The complaint further alleges that LCPS failed to disclose exonerating video evidence showing the transgender student laughing and saying “I got it” during the incident, while other recordings she took were allegedly deleted. Despite these discrepancies, Title IX investigators credited her testimony as more credible and found the boys guilty of harassment.
After the district denied their appeal, the U.S. Department of Education’s Office for Civil Rights found LCPS had violated Title IX by discriminating against the boys on the basis of sex. The agency said the district “failed to meaningfully investigate complaints of sexual harassment by two male students concerning the presence of a member of the opposite sex in male-only intimate spaces yet thoroughly investigated the female student’s sexual harassment complaint about the boys.”

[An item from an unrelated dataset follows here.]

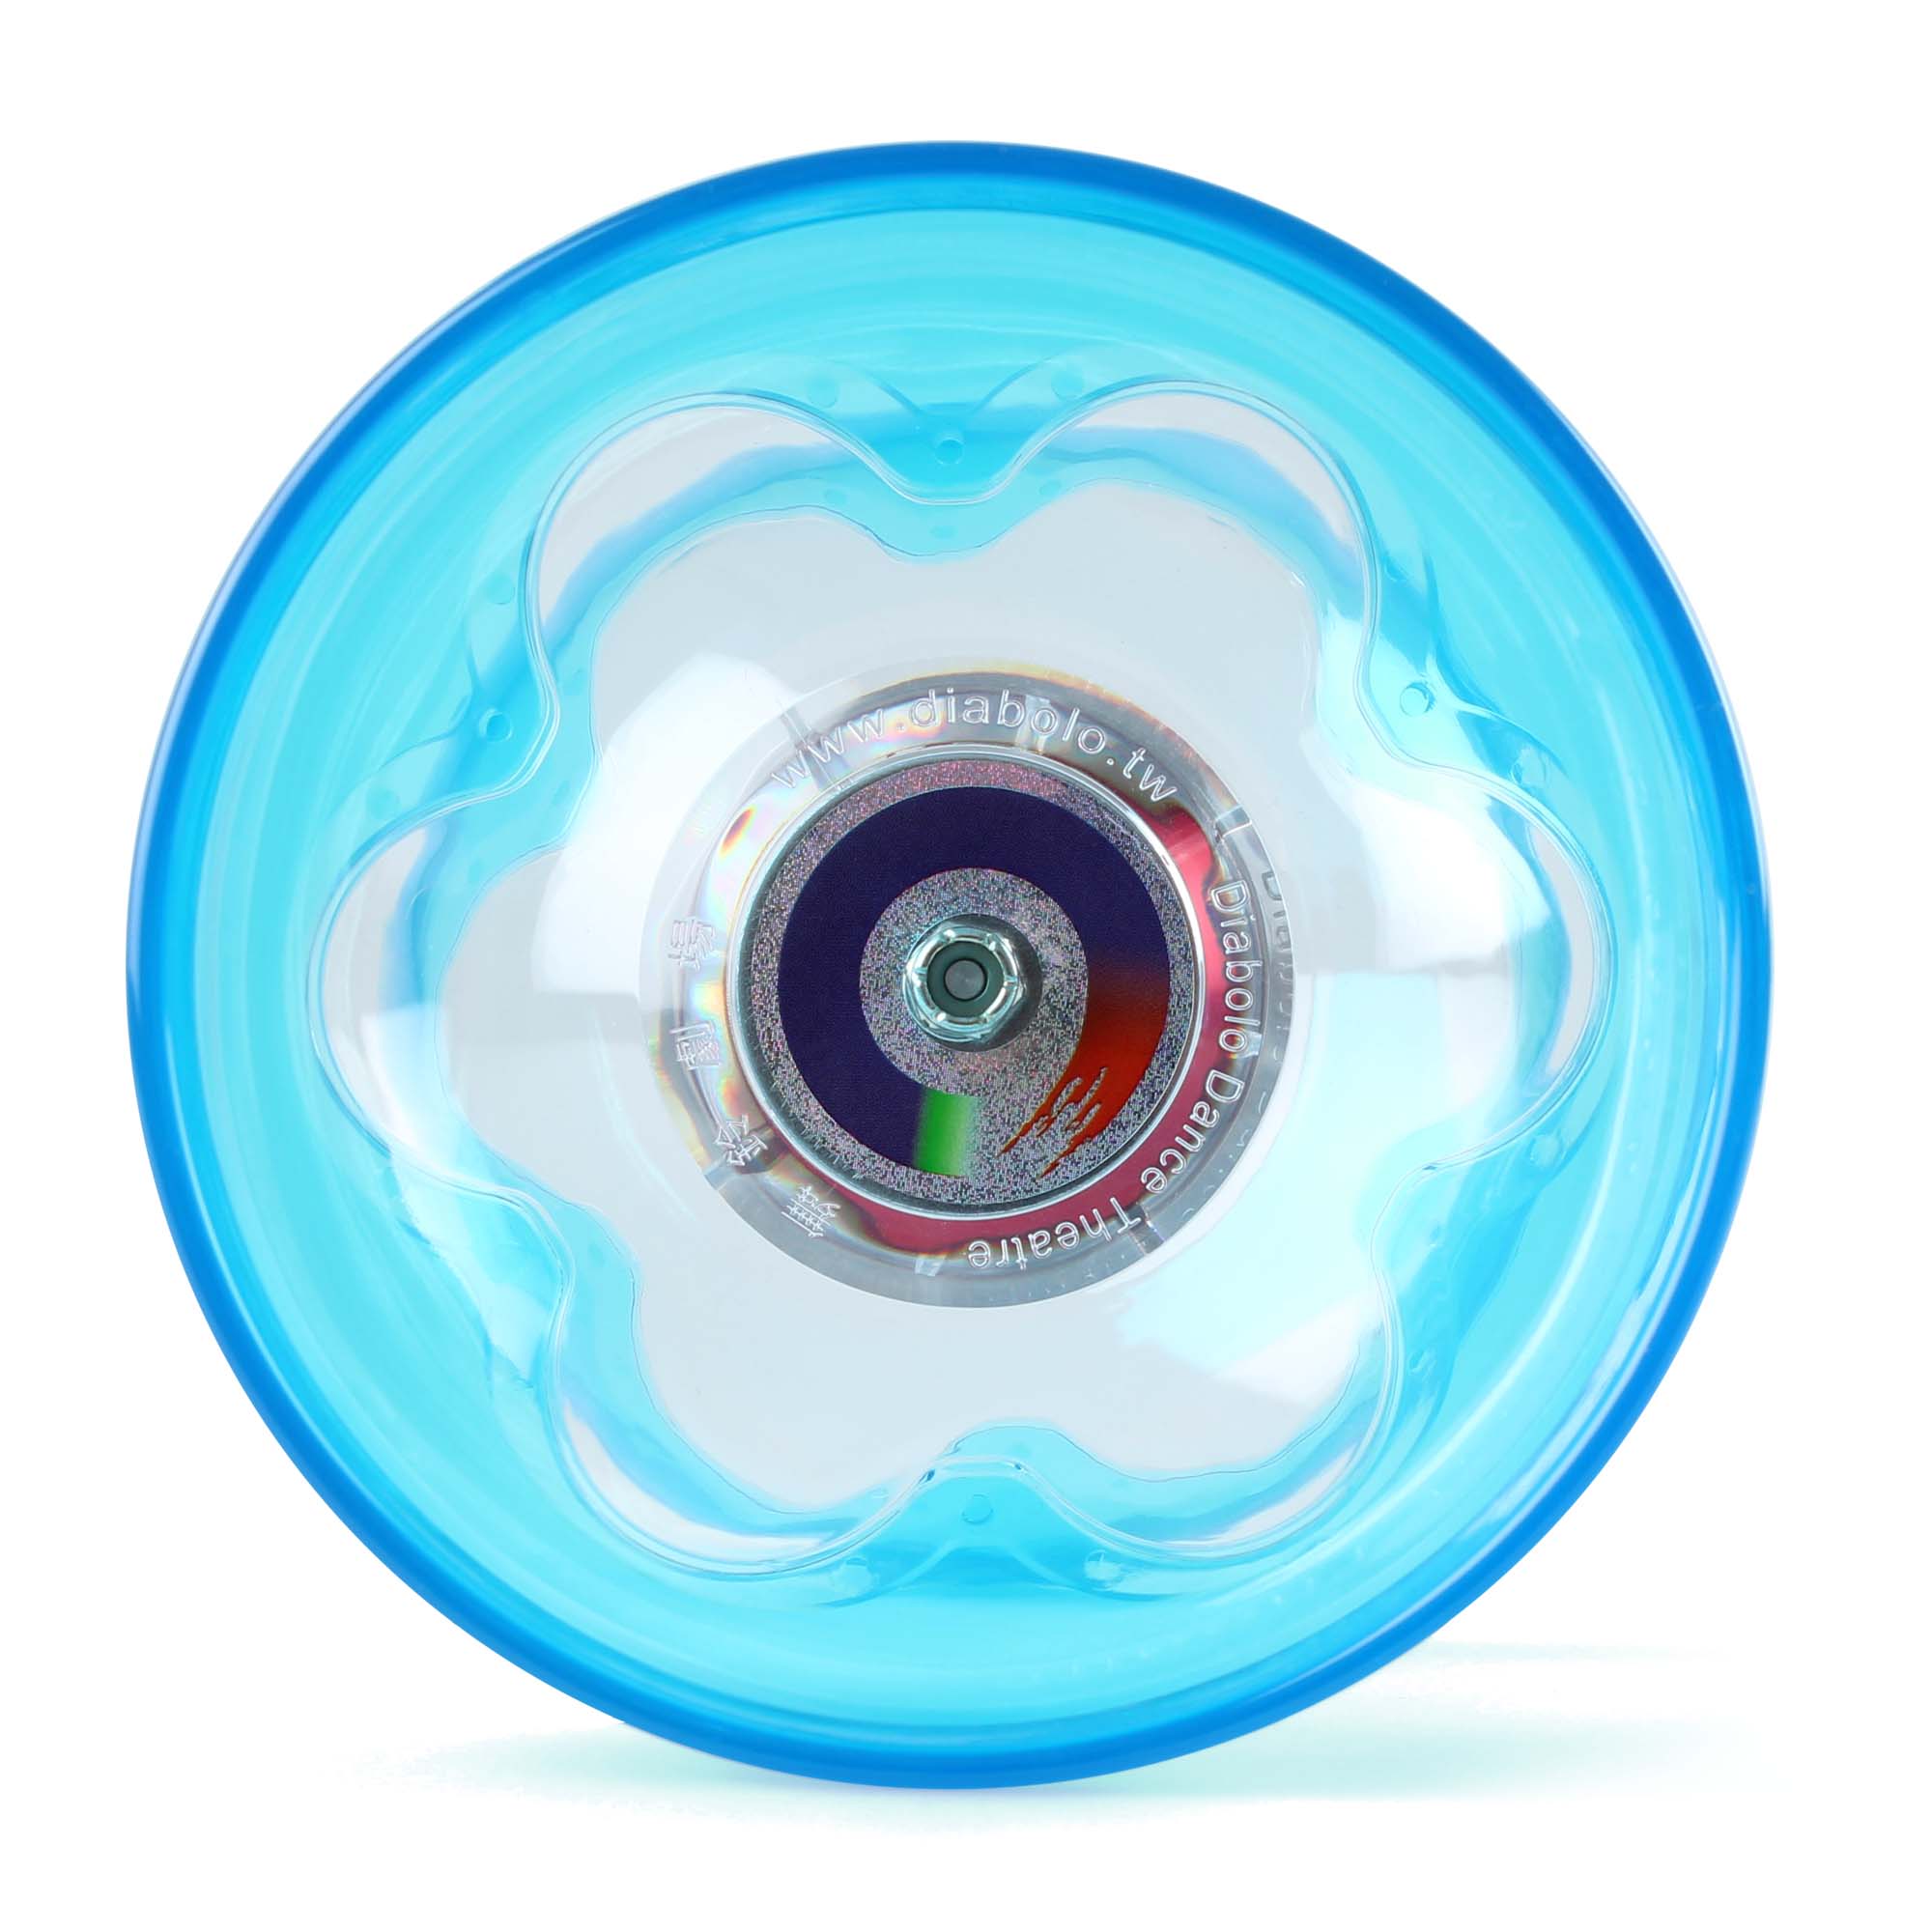 Top view of blue hyperspin diabolo
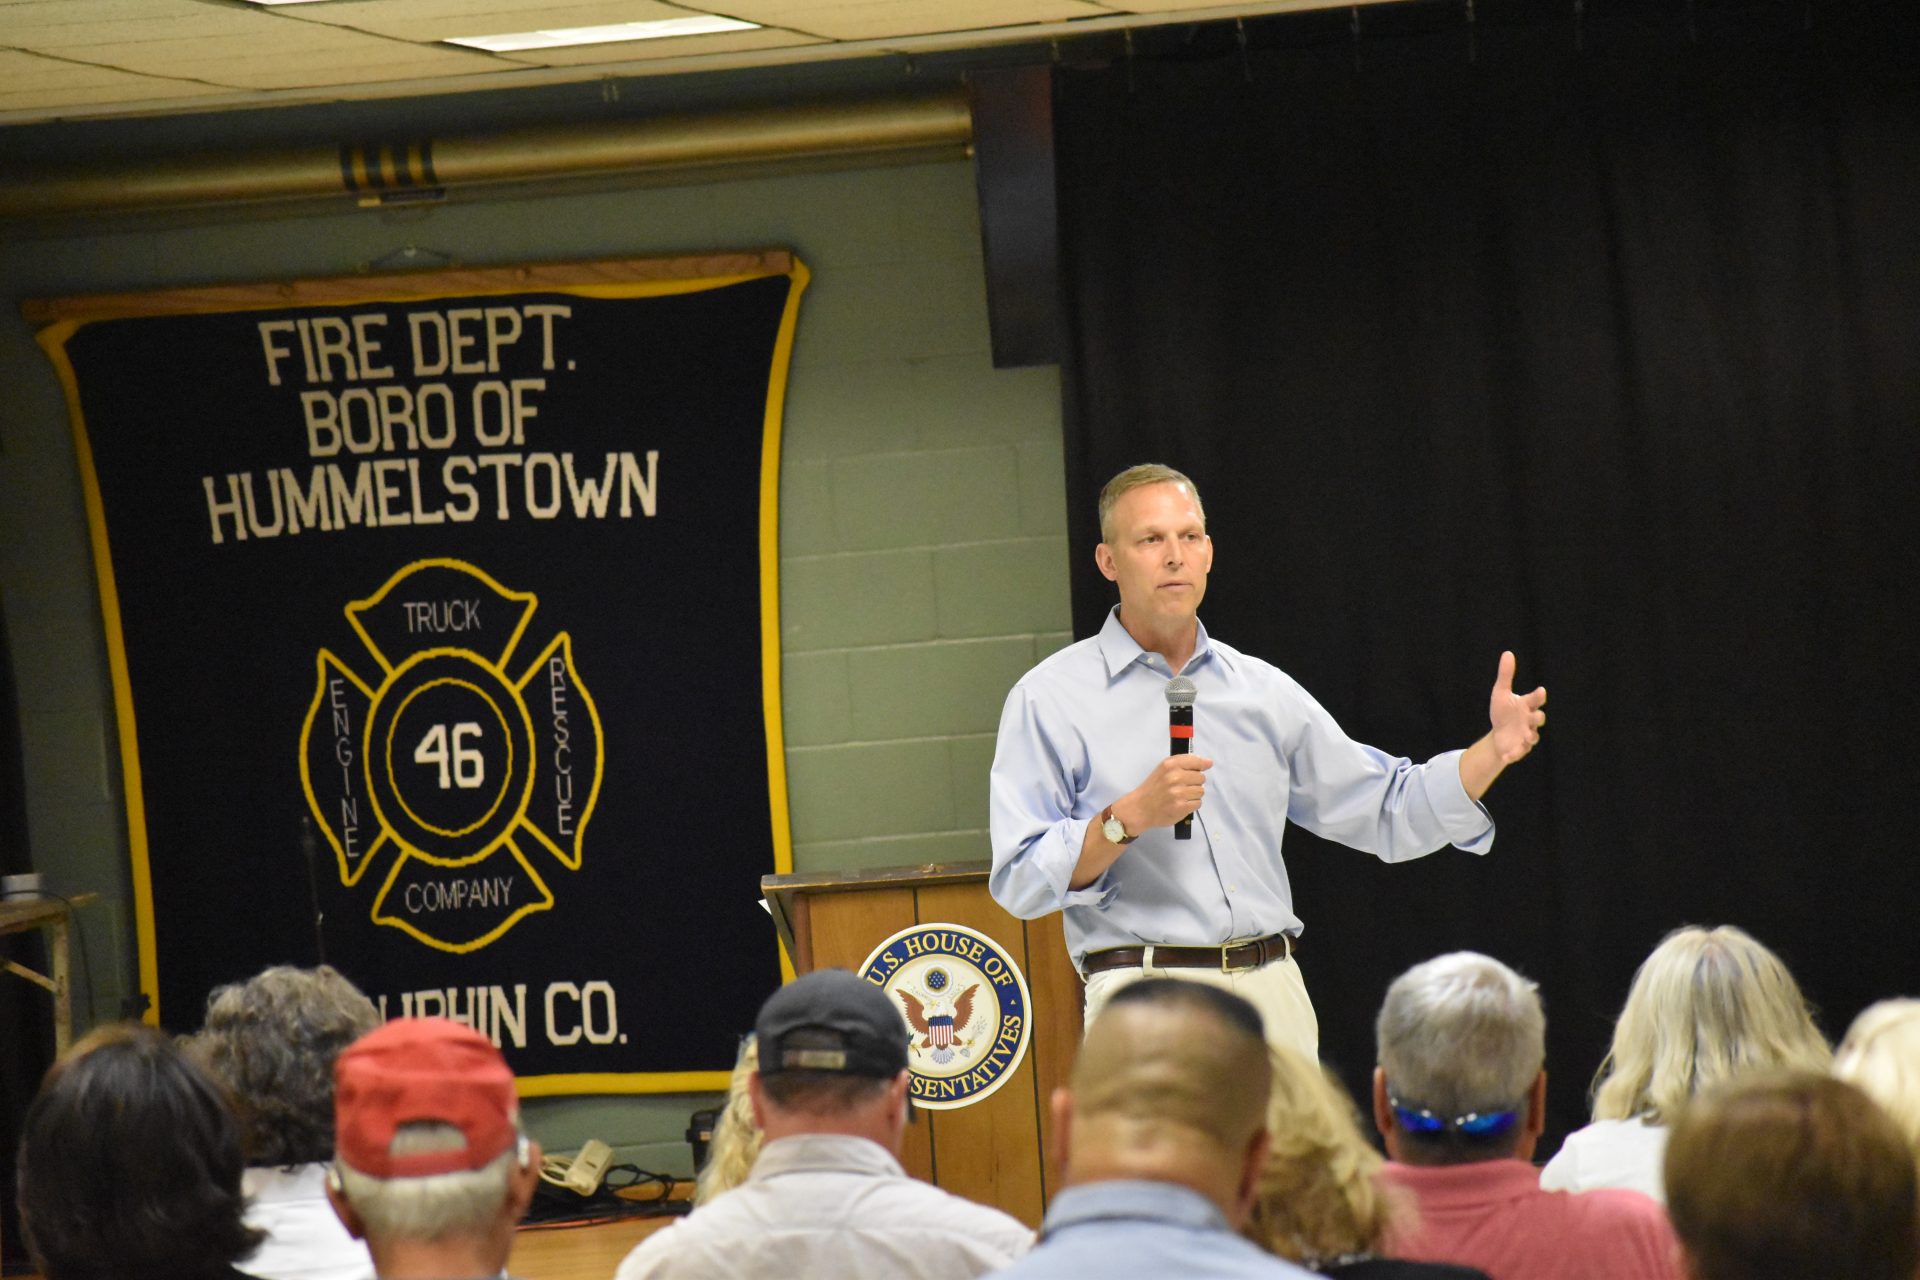 U.S. Rep. Scott Perry speaks to the crowd during a town hall at Hummelstown Fire Department on July 30, 2019.

Parents of the students told Fox News Digital that their sons’ concerns about privacy were ignored by school officials. Following this, federal officials warned LCPS that failure to correct its actions could jeopardize federal funding. The Education Department later confirmed that funding for five Northern Virginia districts—including LCPS—would shift to a reimbursement-only model pending further review.
Victoria Cobb, president of the Founding Freedoms Law Center, stated, “The amended complaint we filed today unveils Loudoun County Public Schools’ sham targeting of these boys while it ignored numerous, credible threats to their privacy and safety. As alleged, a female student repeatedly filmed male students, including while using the bathroom, yet Loudoun did nothing.”
LCPS declined to comment on the latest allegations, citing its policy against discussing ongoing litigation.